Task goal: From the listing that follows, reproduce only the lines from the one holding "WHITE WOOLBLEND TWEED" through the one holding "Jeff-Garlin-and-Buttercup-From-Toy-Story-4", both included, with no pictures.

Data provided:

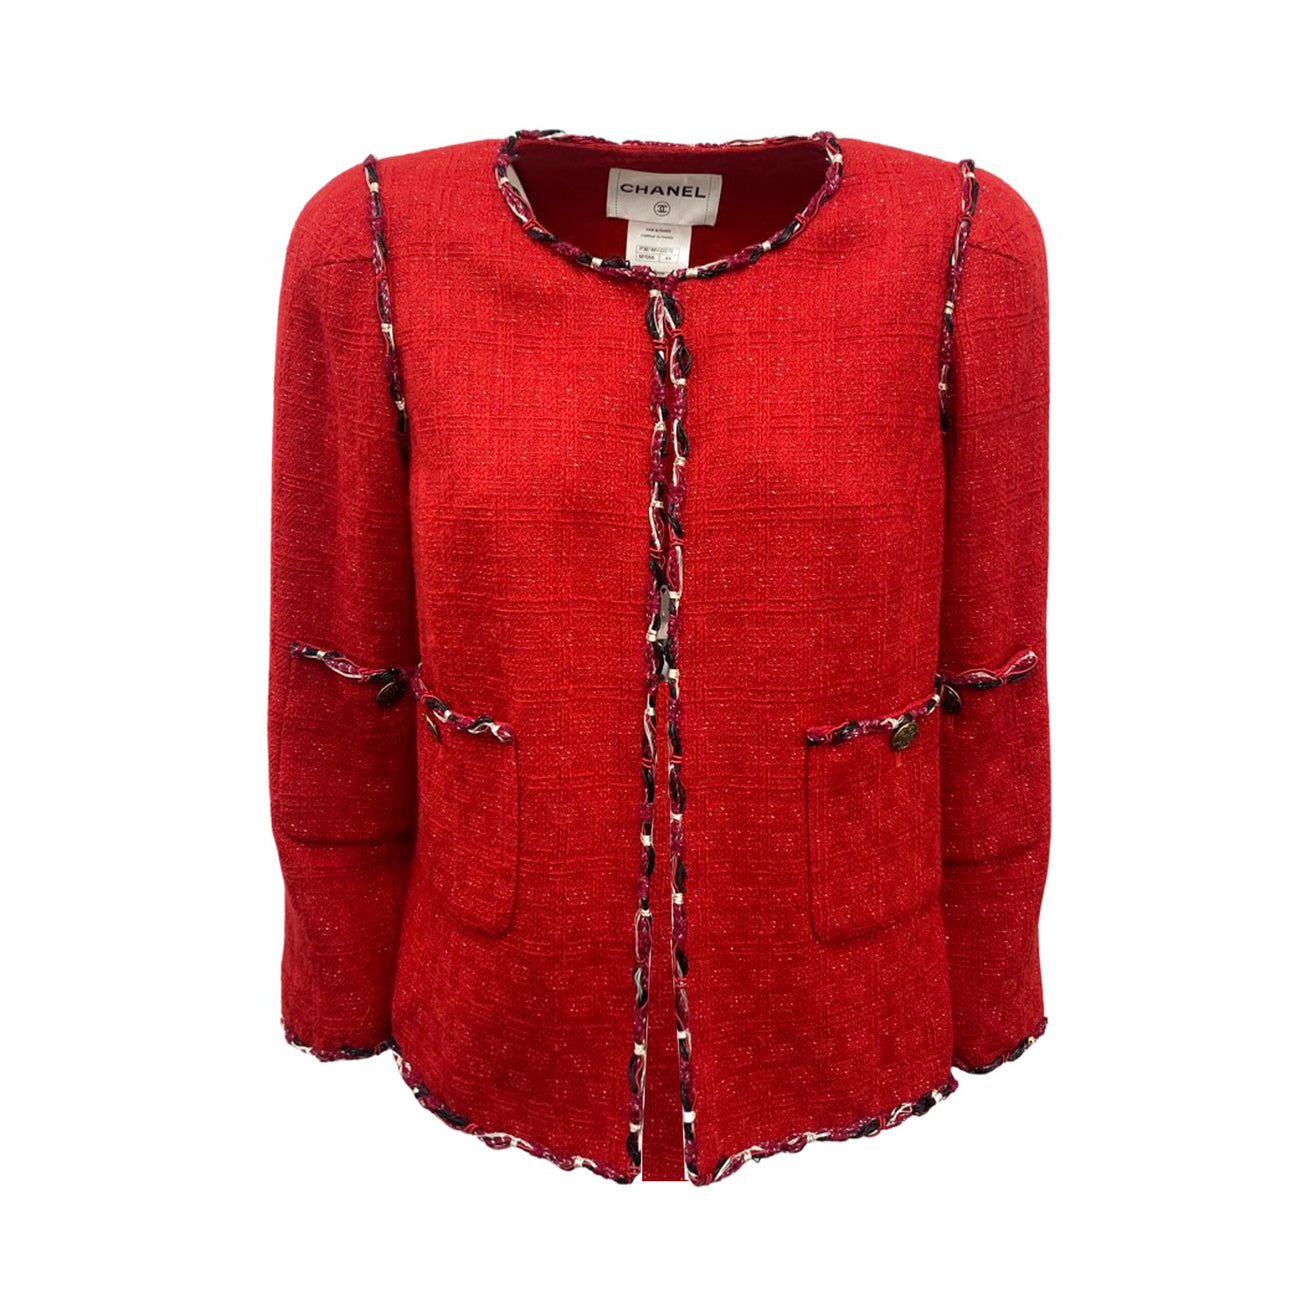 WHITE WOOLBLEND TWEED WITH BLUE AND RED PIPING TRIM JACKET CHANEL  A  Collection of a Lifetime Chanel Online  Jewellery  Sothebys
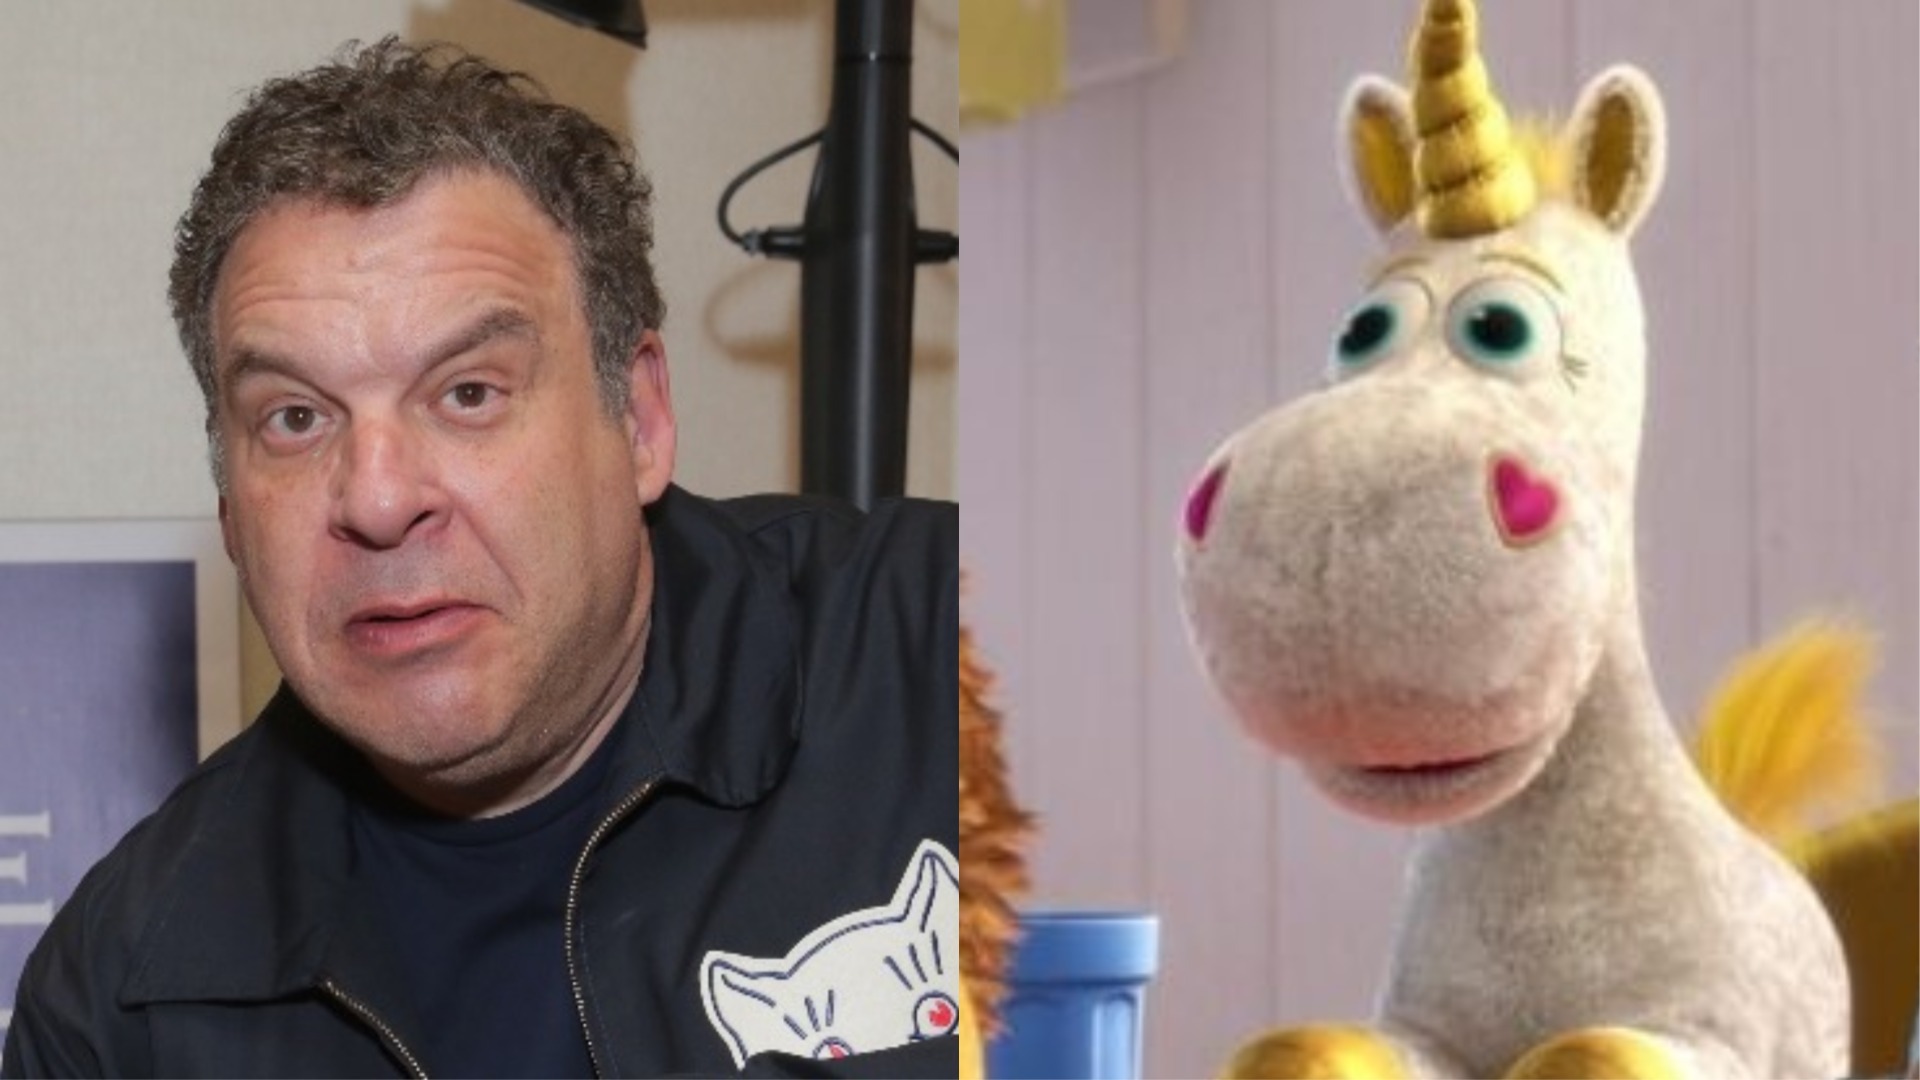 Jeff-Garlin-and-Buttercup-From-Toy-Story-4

--

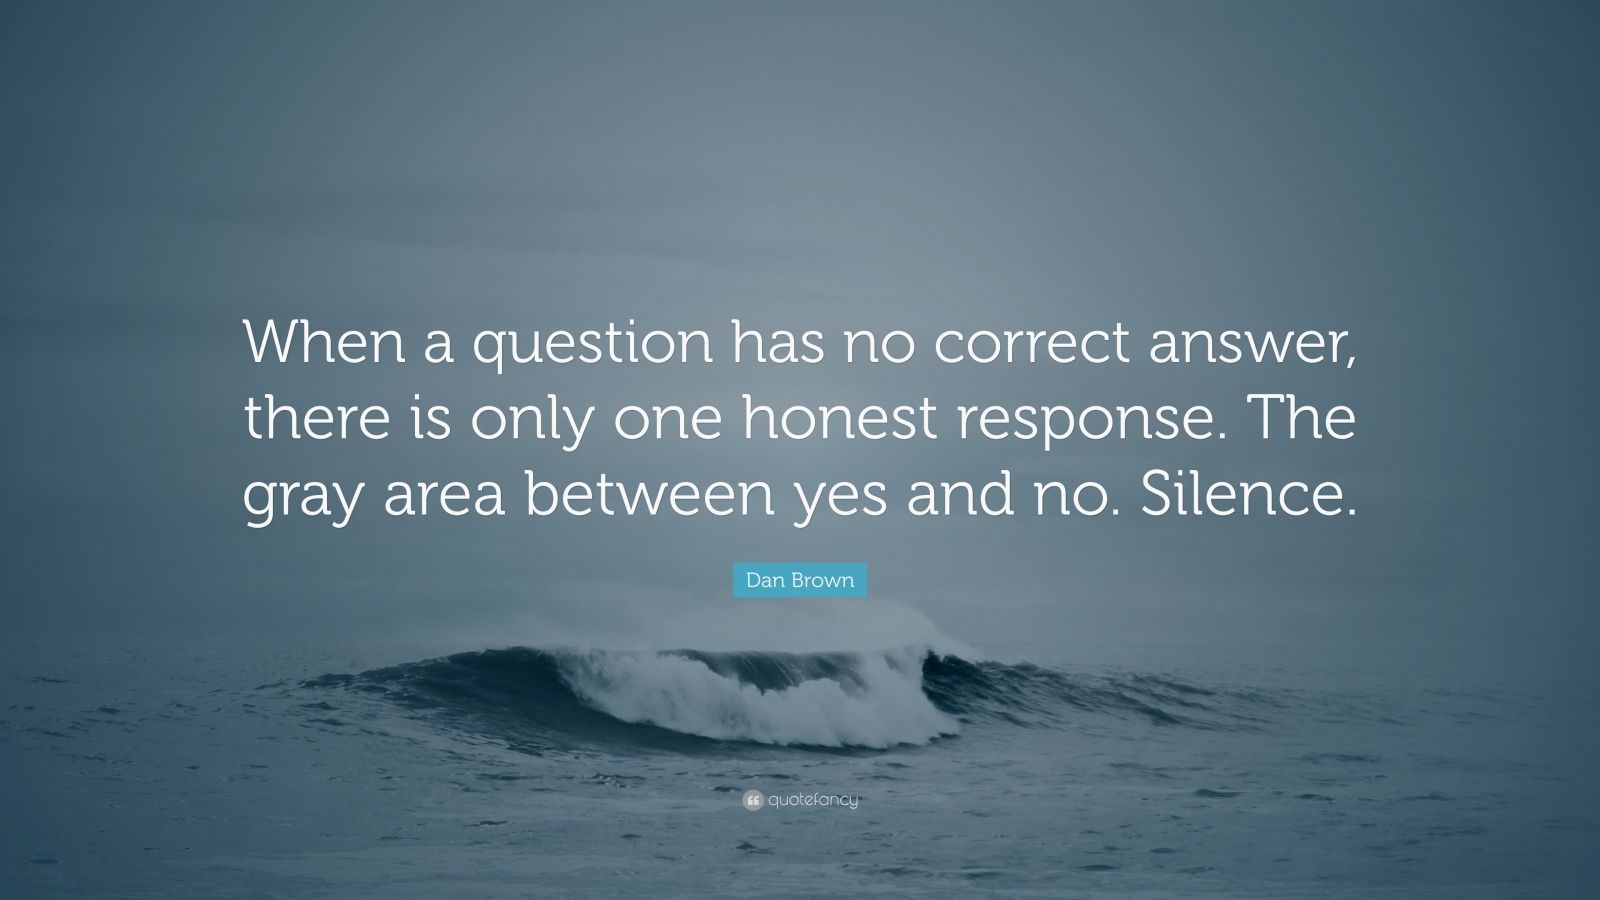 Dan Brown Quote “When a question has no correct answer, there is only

Result of this exercise:
 WHITE WOOLBLEND TWEED WITH BLUE AND RED PIPING TRIM JACKET CHANEL  A  Collection of a Lifetime Chanel Online  Jewellery  Sothebys
 Jeff-Garlin-and-Buttercup-From-Toy-Story-4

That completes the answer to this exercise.